Health plans are increasingly using deductibles and coinsurance to shift more of the cost of care to chronically ill patients taking brand medicines. As data from IQVIA show, this alarming trend is especially burdensome for patients with cancer, who pay nearly 10X more on average per year for their medicines when they face deductibles and coinsurance versus patients with only fixed copays.
Out-of-pocket costs for patients with deductibles and coinsurance are often based on the list price, not the lower price their health plans and PBMs usually pay.

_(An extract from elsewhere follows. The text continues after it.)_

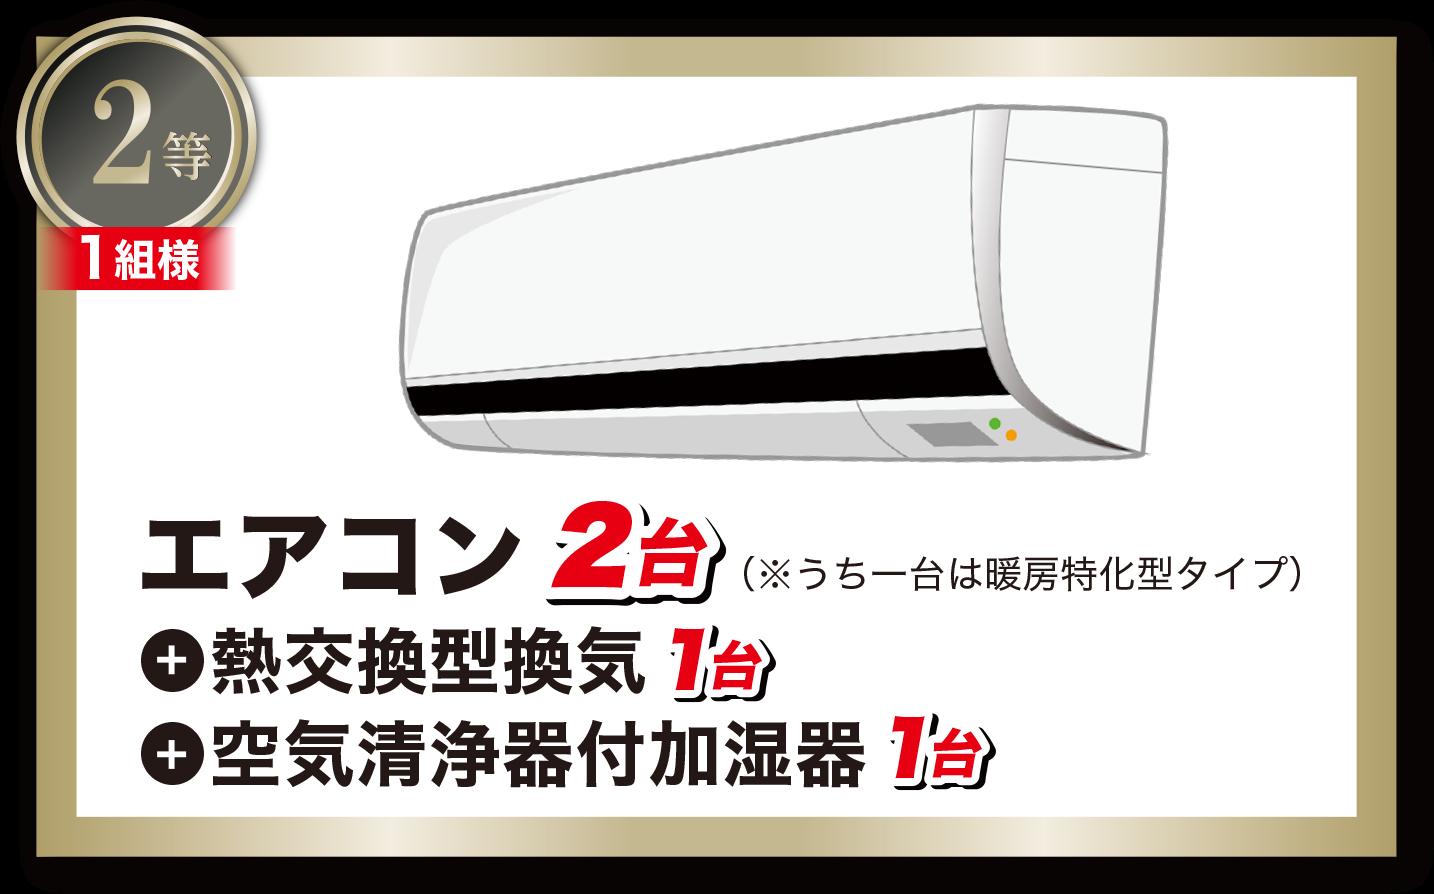 2等:エアコン2台(※うち一台は暖房特化型タイプ)+熱交換型換気1台+空気清浄器付加湿器1台(1組様)

When insurers require them to pay more than they should, many patients have turned to manufacturer copay assistance for help. This assistance plays an important role in helping patients with chronic and complex illnesses afford and access the medicines they need.
In 2021, patients who used copay assistance for brand:
- Diabetes medicines saved an average of $374. Their average annual out-of-pocket costs would have been more than 2x higher without this assistance.
- HIV medicines saved an average of $1,791. Without this assistance, their average annual out-of-pocket costs would have been nearly 13x higher.
- Cancer medicines saved an average of $1,708. Without this assistance, their average annual out-of-pocket costs would have been more than 2.5x higher.
Manufacturers have stepped up to help make medicines affordable by providing copay assistance, but many insurers and PBMs have adopted programs that deny patients the benefit of this assistance.
If health insurers and their PBMs don’t pay full price for medicines, patients shouldn’t either. Middlemen should base what patients pay on the lower price health plans and PBMs pay. And patients need policies that protect copay assistance so that health insurers and PBMs are no longer able to limit how much assistance can help patients at the pharmacy counter.